In conclusion, our study is the first to identify the Kim family genes in zebrafish and to characterize the function and expression of Kim-1 after injury. Kim-1 can potentially be used as a marker for tubular injury in zebrafish, as in rodents and humans. Conditional expression of Kim-1 in the transgenic zebrafish demonstrated a critical pathogenic role of Kim-1 in chronic kidney tubular injury. Kim-1 expression markedly reduced kidney function and fish survival, and retarded fish growth in the adults that did survive. We found that the mTOR pathway was activated in Kim-1 transgenic zebrafish and inhibition of this pathway significantly reduced Kim-1-mediated kidney injury and increased fish survival. We extended the zebrafish findings into mammalian models by examining the KIM-1-mediated mTOR pathway in mice and found that it was activated in Kim1RECtg mice. Inhibition of the mTOR pathway significantly ameliorated the KIM-1-mediated tubular injury and kidney fibrosis in Kim1RECtg mice. Thus, the zebrafish models can be used to interrogate pathophysiologic mechanisms and potential therapeutic approaches which predict mechanisms and efficacy in mammals.
Concise Methods
Structural and Molecular Evolutionary Analyses
Homology analysis with nucleic acid and protein databases (Genbank, EMBL, and SwissProt), including human expressed sequence tag databases, was performed using the BLAST algorithm from the NCBI (National Library of Medicine). Aa analysis for putative post-translation modification sites was performed with PROSITE.46 Ig domains were predicted by the PROSITE database.47 The transmembrane domain was predicted using the online program ‘TMpred’ (www.ch.embnet.org/software/TMPREDform.html), and O-linked glycosylation sites were predicted by the NETNGLYC 3.1 server (www.cbs.dtu.dk/services/NetOGlyc).

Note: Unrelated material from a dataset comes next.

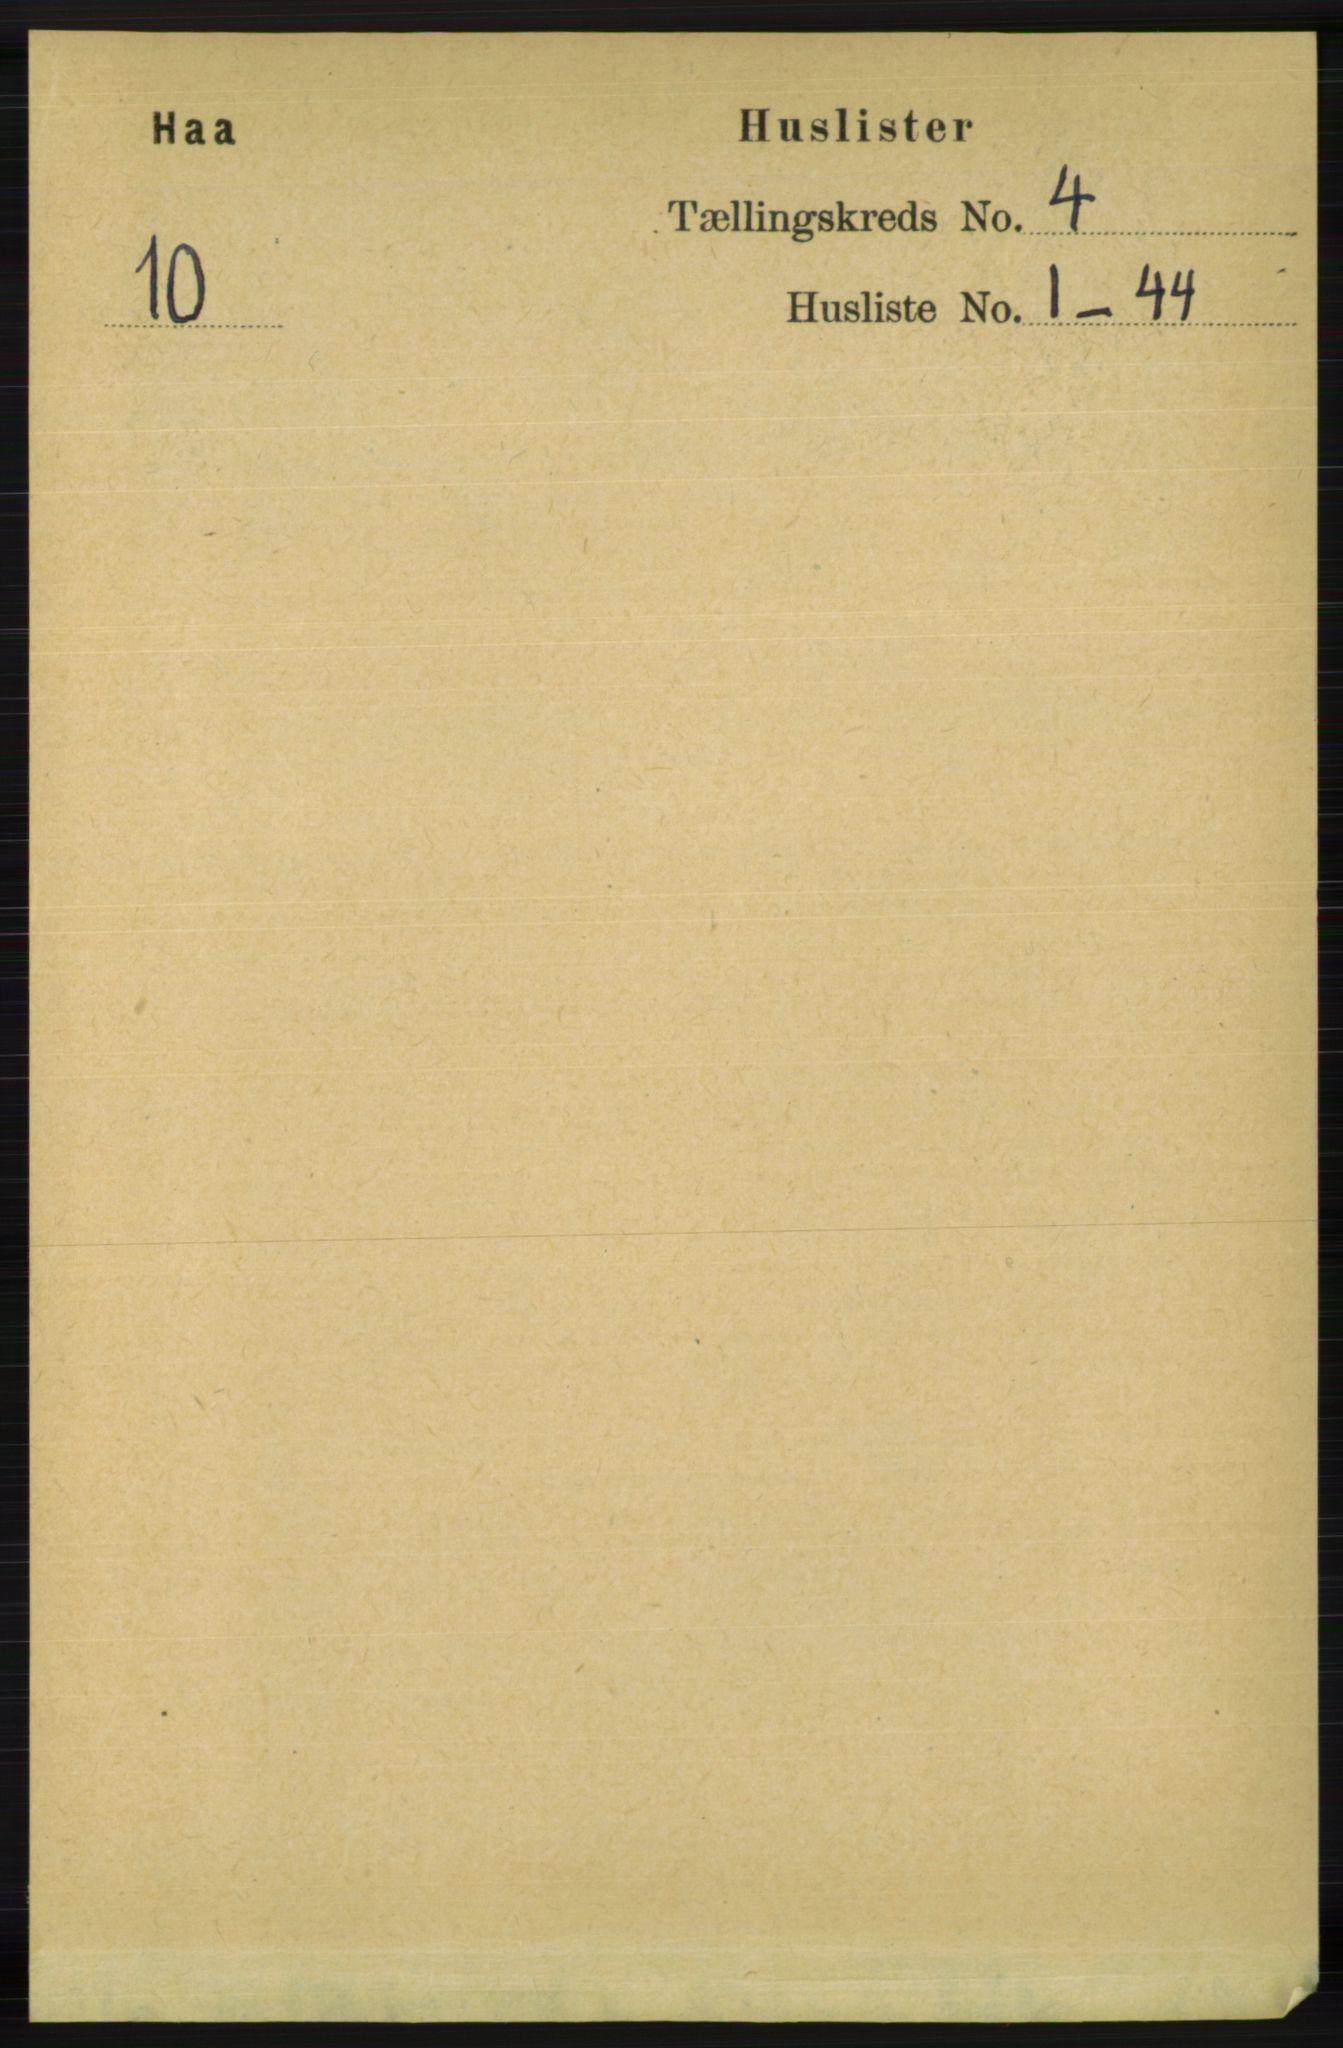 RA, Folketelling 1891 for 1119 Hå herred, 1891, s. 1003

The draft genome databases and expressed sequence tag databases distributed at Swiss-Prot protein databases, Expasy, Ensembl, University of California, Santa Cruz (UCSC) Genome Browser, The Institute of Genomic Research (TIGR), and NCBI database for Expressed Sequence Tags (dbEST) were employed to retrieve the Ig molecules. Multiple alignments of sequences were conducted using the Multi-Align software48 and Clustal W program (version 1.83).49 On the basis of the alignment, phylogenetic trees were constructed with the program MEGA550 using a neighbor-joining method. Statistical significance of each branch was examined by bootstrapping. The veracity of these trees was studied using the bootstrapping method by executing 1000 replicates.
Zebrafish Husbandry
All animal husbandry adheres to the National Institutes of Health (NIH) Guide for the Care and Use of Laboratory Animals. Wild-type zebrafish (D. rerio) were maintained on a 14/10 hour light–dark cycle at 28.5°C and fed twice daily. Fertilized eggs were raised in embryo medium at 28.5°C and staged according to the standard method as described previously15. All the eggs and larvae were raised in E3 medium (5 mM NaCl, 0.17 mM KCl, 0.33 mM CaCl2, 0.33 mM MgSO4, 10–5% methylene blue).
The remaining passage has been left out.